At the same 4.125 b/w budget, bs=64 + E4M3 beats bs=128 + FP16 for both
codebooks (FP4: -0.12pp, INT4: -0.13pp) -- coarser scale precision but
tighter per-block fit wins out. SPGL1 contributes a larger absolute gain at
the bs=128/FP16 point (~0.7-0.8pp) than at bs=64/E4M3 (~0.6-0.8pp), but
not enough to flip the ordering.

### Where these land vs the bs=16 best

| Config | b/w | H-Opt O% | +SPGL1 O% |
|:--|:--:|:--:|:--:|
| FP4 bs=16, E4M3 (NVFP4) | 4.500 | 5.31 | **3.64** |
| FP4 bs=64, E4M3 | 4.125 | 6.48 | 4.65 |
| FP4 bs=128, FP16 | 4.125 | 6.88 | 4.77 |
| INT4 bs=16, E4M3 (NVINT4) | 4.500 | 5.60 | (not run) |
| INT4 bs=64, E4M3 | 4.125 | 7.23 | 5.22 |
| INT4 bs=128, FP16 | 4.125 | 7.87 | 5.35 |

FP4 dominates INT4 by ~0.6-0.9pp output error at every operating point.
The codebook's wider dynamic range (0..6 vs symmetric 0..7) more efficiently
captures the long-tailed per-block weight distribution at larger block sizes.

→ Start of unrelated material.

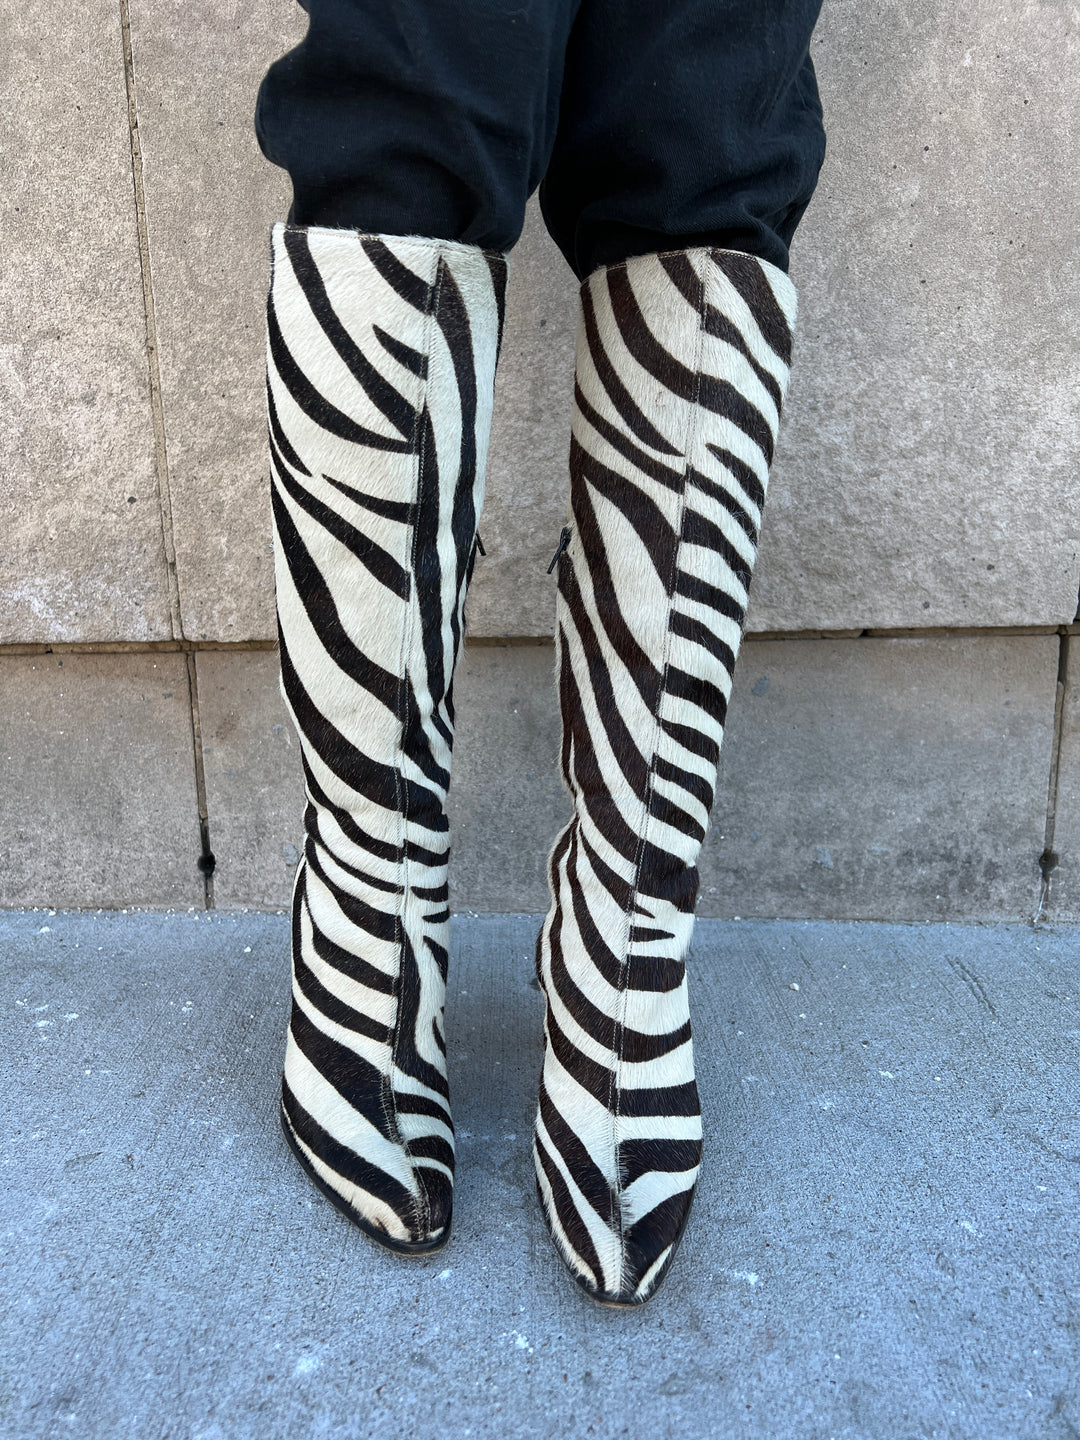 80s Zebra Print Cowhide Boots, Guess
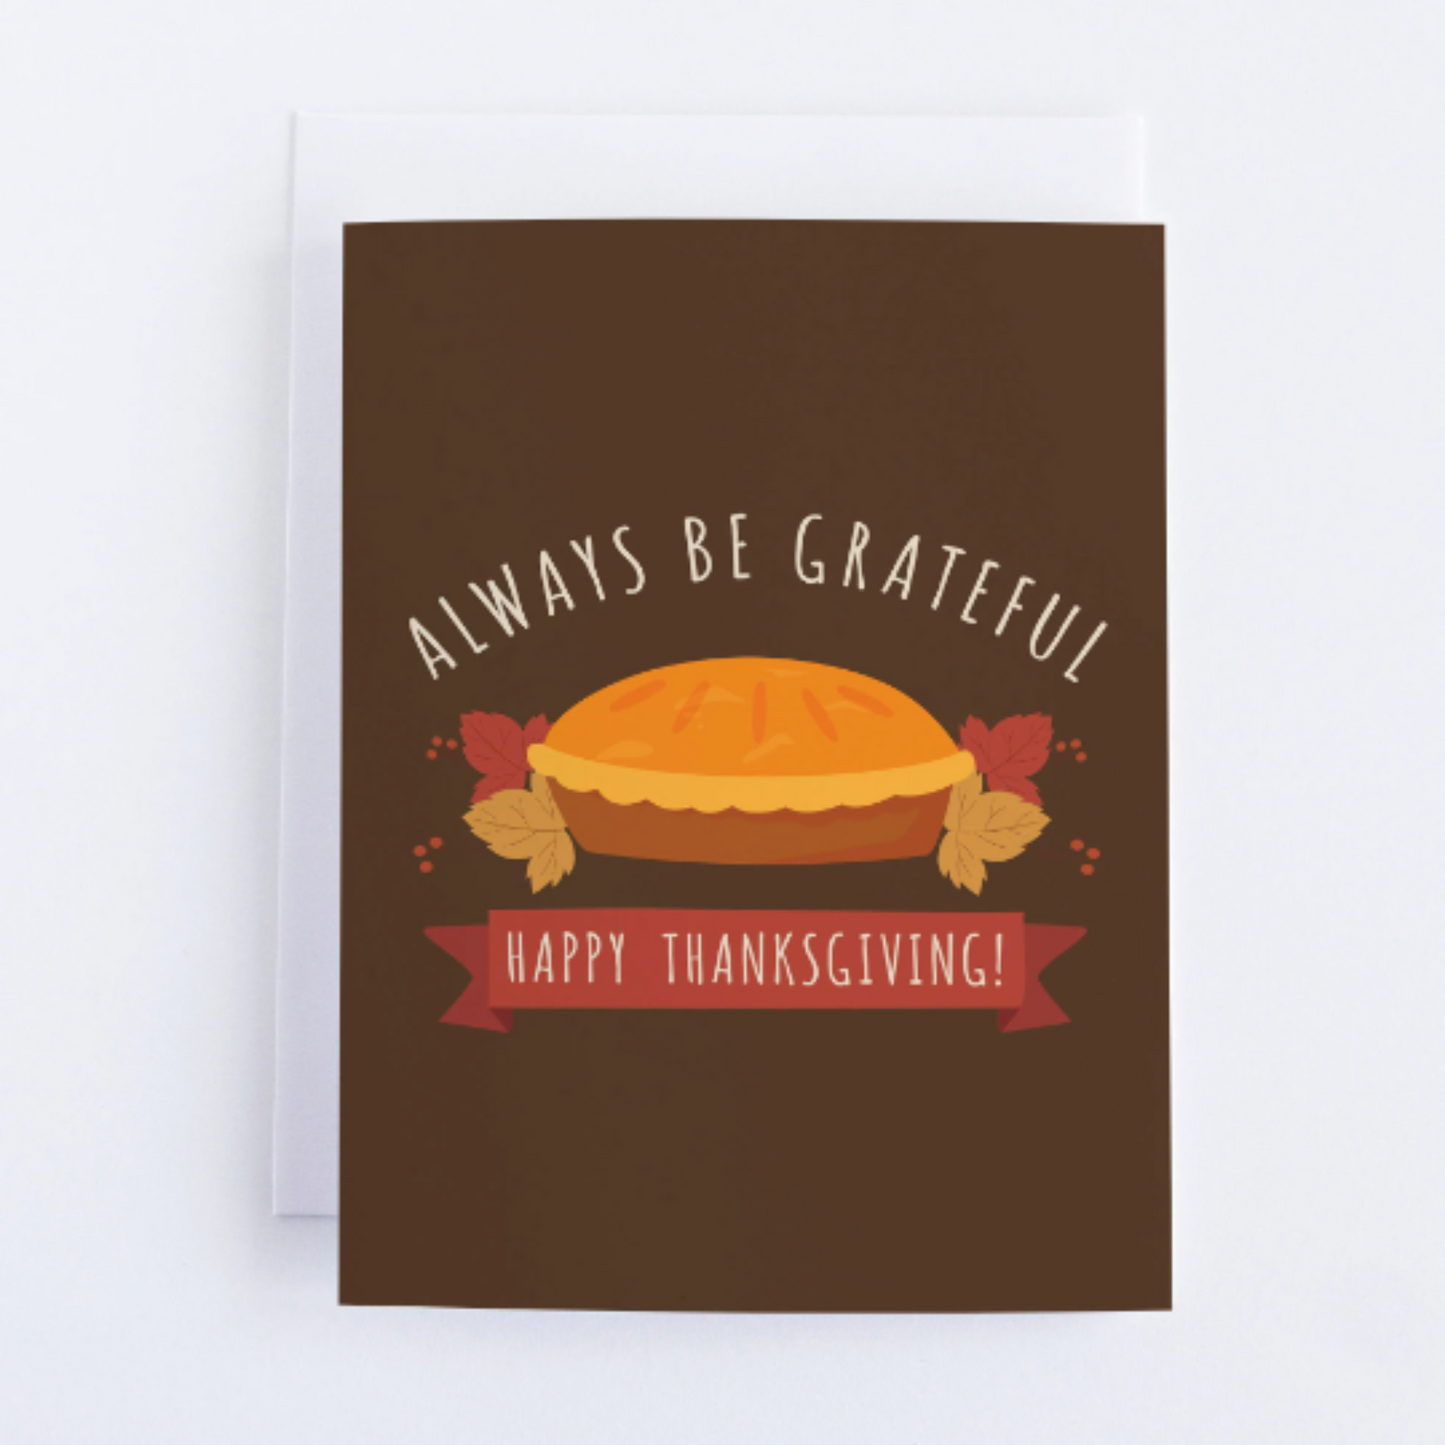 Happy Thanksgiving Greeting Card: Always Be Grateful, Note Card.

### SPGL1 compensation method (recap)

After each block is snapped (in descending H-loss order), instead of
GPTQ's unconstrained `H_inv` error propagation, an L1-constrained SPGL1
LASSO is solved on the not-yet-snapped columns to minimize
`||X*(Delta_eff + delta)^T||_2` subject to `||delta||_1 <= tau`. Solved in
reduced (Gram) form -- no `H^-1`, no Cholesky -- robust to ill-conditioned
H. See `experiments/spgl1_gptq_*.py` for the implementations and
`notes/progress_track_spgl1.md` for the full research log.